Task item | Your answer should hold exactly the lines beginning with the one that contains "Botão Lateral Casio" and ending with the last line of the material, both included. Leave every picture out.

Data segment |
+---+
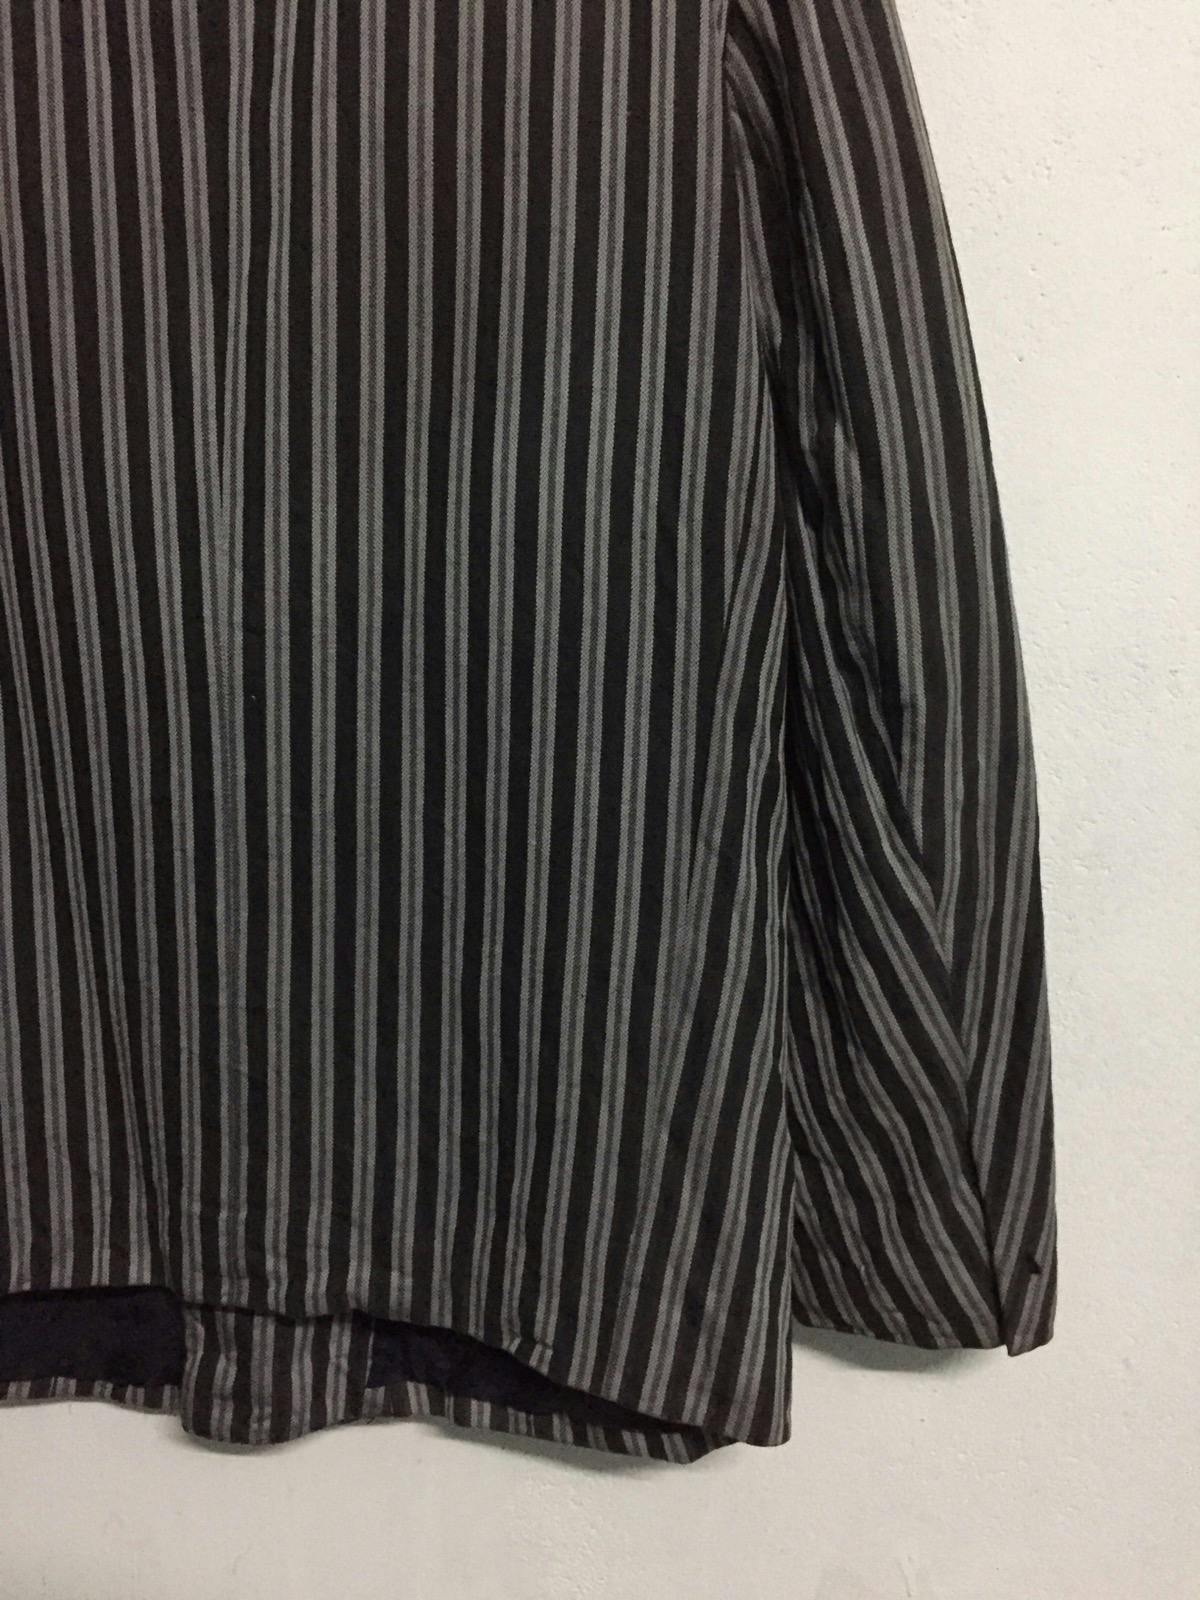 Kenzo Zebra Stripes Jacket Coat Made in Japan - 11
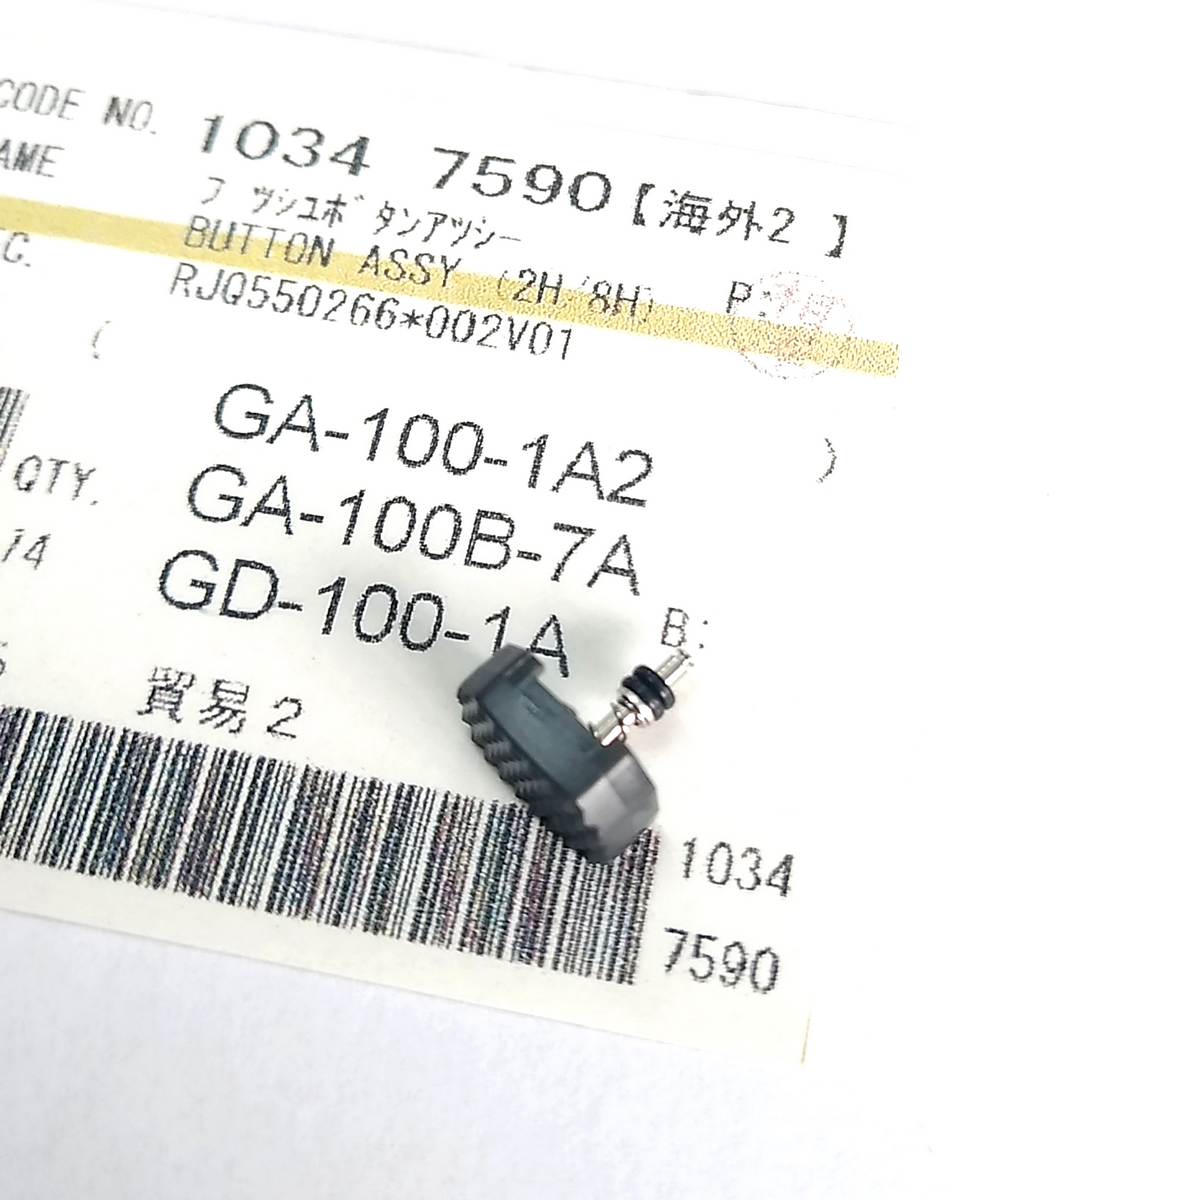 Botão Lateral Casio G-shock GA-100B-7A GD-100-1A GA-100-1A2  (2H) E (8H) - E-Presentes
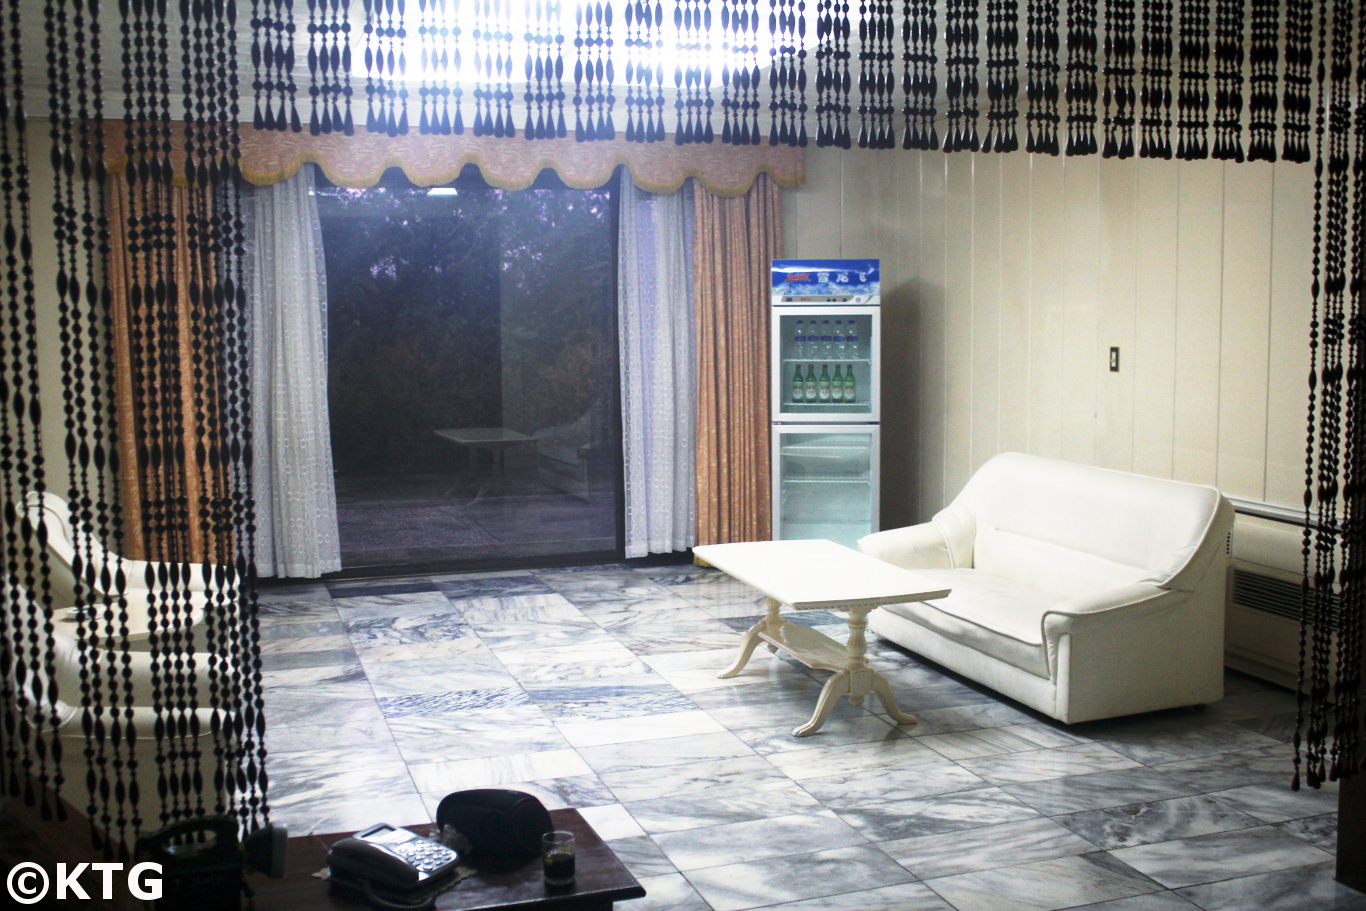 
Sala de estar común en una villa en el Nampo Hot Spa Hotel en el condado de Onchon, cerca de la ciudad de Nampo, Corea del Norte (RPDC). Foto sacada por KTG Tours
+---+
Response area |
 Botão Lateral Casio G-shock GA-100B-7A GD-100-1A GA-100-1A2  (2H) E (8H) - E-Presentes
Sala de estar común en una villa en el Nampo Hot Spa Hotel en el condado de Onchon, cerca de la ciudad de Nampo, Corea del Norte (RPDC). Foto sacada por KTG Tours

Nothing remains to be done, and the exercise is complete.